Property Tax Adjustment - Nursing facilities that are at or below the lid on the operations component of the rate will receive current funding of property tax increases resulting from new construction or major renovations projects.

 

 

 

EFFECT OF SENATE AMENDMENT(S):  Major assets acquired after the effective date of the act are depreciated over at least 40 years.  The financing rate is no longer applied to working capital.  A "capital portion" of the rate and a "non-capital portion" of the rate are defined.  Both rates would then be separately referenced in the operating budget and each subject to the budget dial.  Under current law, the total rate is subject to the budget dial.  Language is removed which would have set a certificate of need bed-to-population ratio for nursing facility beds in statute.  Provisions of the bill related to variable return, property, and financing rate-setting are repealed June 30, 2001.

 

Appropriation:  None.

 

Fiscal Note:  Available.

 

Effective Date:  The bill contains an emergency clause and takes effect immediately.

 

Testimony For:  (Health Care) (Original bill) This measure will be fair to patients who need and deserve a good place to live and to receive good quality of care.  It is also fair to existing facilities that have renovated or rebuilt under terms of the current system.  Older facilities will benefit.

 

(Appropriations) (Substitute bill) This is a good bill that honors past commitments made when providers invested in new or remodeled facilities.  The capital payment system is important if we want quality facilities.  The variable rate of return punishes those who are less efficient.  While the bill would be improved by setting a depreciation floor and by the current funding of property taxes, this is an important and good bill.

 

Testimony Against:  (Health Care) (Original bill) This measure will cost additional tax dollars and is not in the Governor's budget.

 

(Appropriations) (Substitute bill) This bill does not generate the level of savings assumed in the Governor's budget.  All providers receive some variable rate of return, even the least efficient ones.  This does not appear to be a prudent way to spend money.  The money should be provided to home care workers instead.

 

Testified:  (Health Care) (Original bill) (Support) Karen Tynes, Washington Association of Housing Services Assistance; Chuck Hawley, Sisters of Providence; Jerry Reilly, Washington Health Care Association; Robert Ogden, Providence Mount St.
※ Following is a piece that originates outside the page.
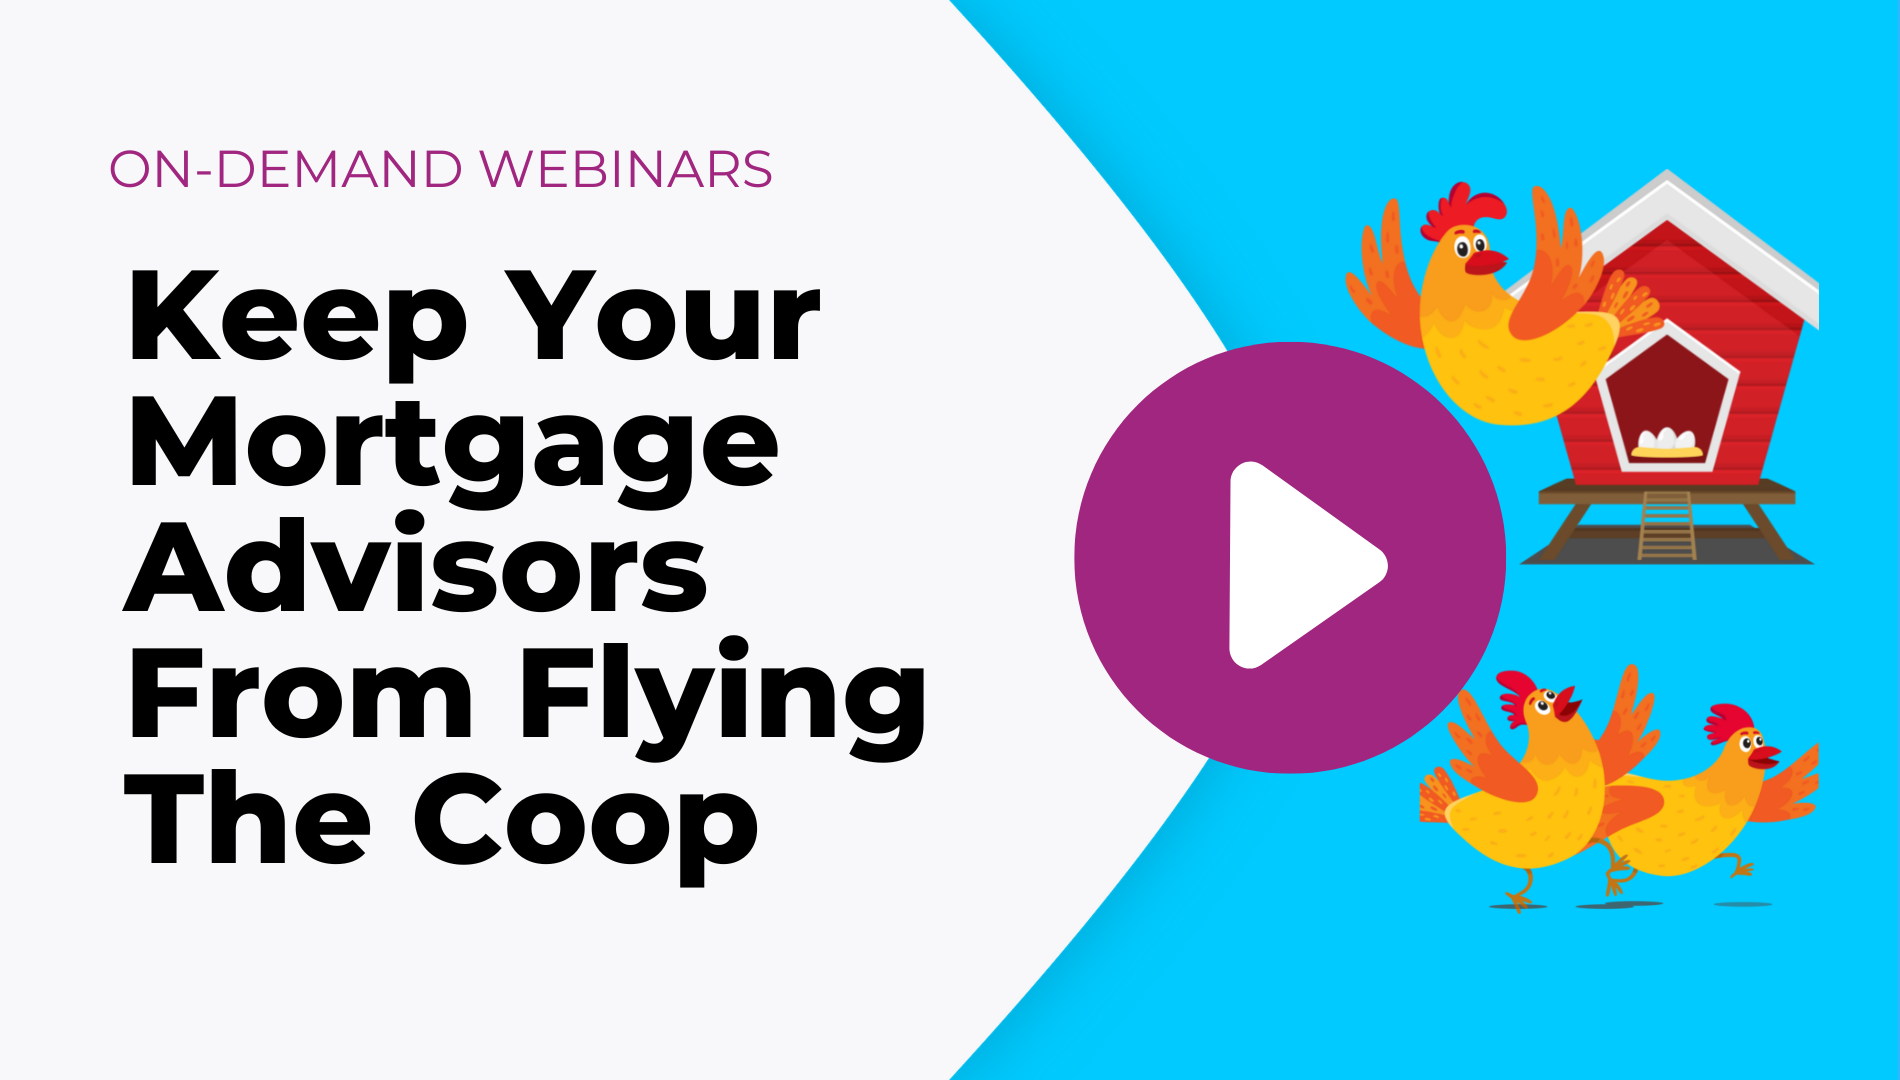 Keep Your Mortgage Advisors From Flying the Coop

Vincent; and Sam Wan, Kin On Health Care.

 

(Health Care) (Oppose) Denise Gaither, Department of Social & Health Services; and Bruce Reeves, Senior Citizen Lobby.

 

(Appropriations) (In support) Jerry Reilly, Washington Health Care Association; Karen Tynes, Washington Association of Housing and Services for the Aged; and Linda Hull, Sisters of Providence.

 

(Appropriations) (Opposed) Nancy Holderman, Department of Social and Health Services.

 

(Appropriations) (Concerns) Bruce Reeves, Senior Citizens Lobby.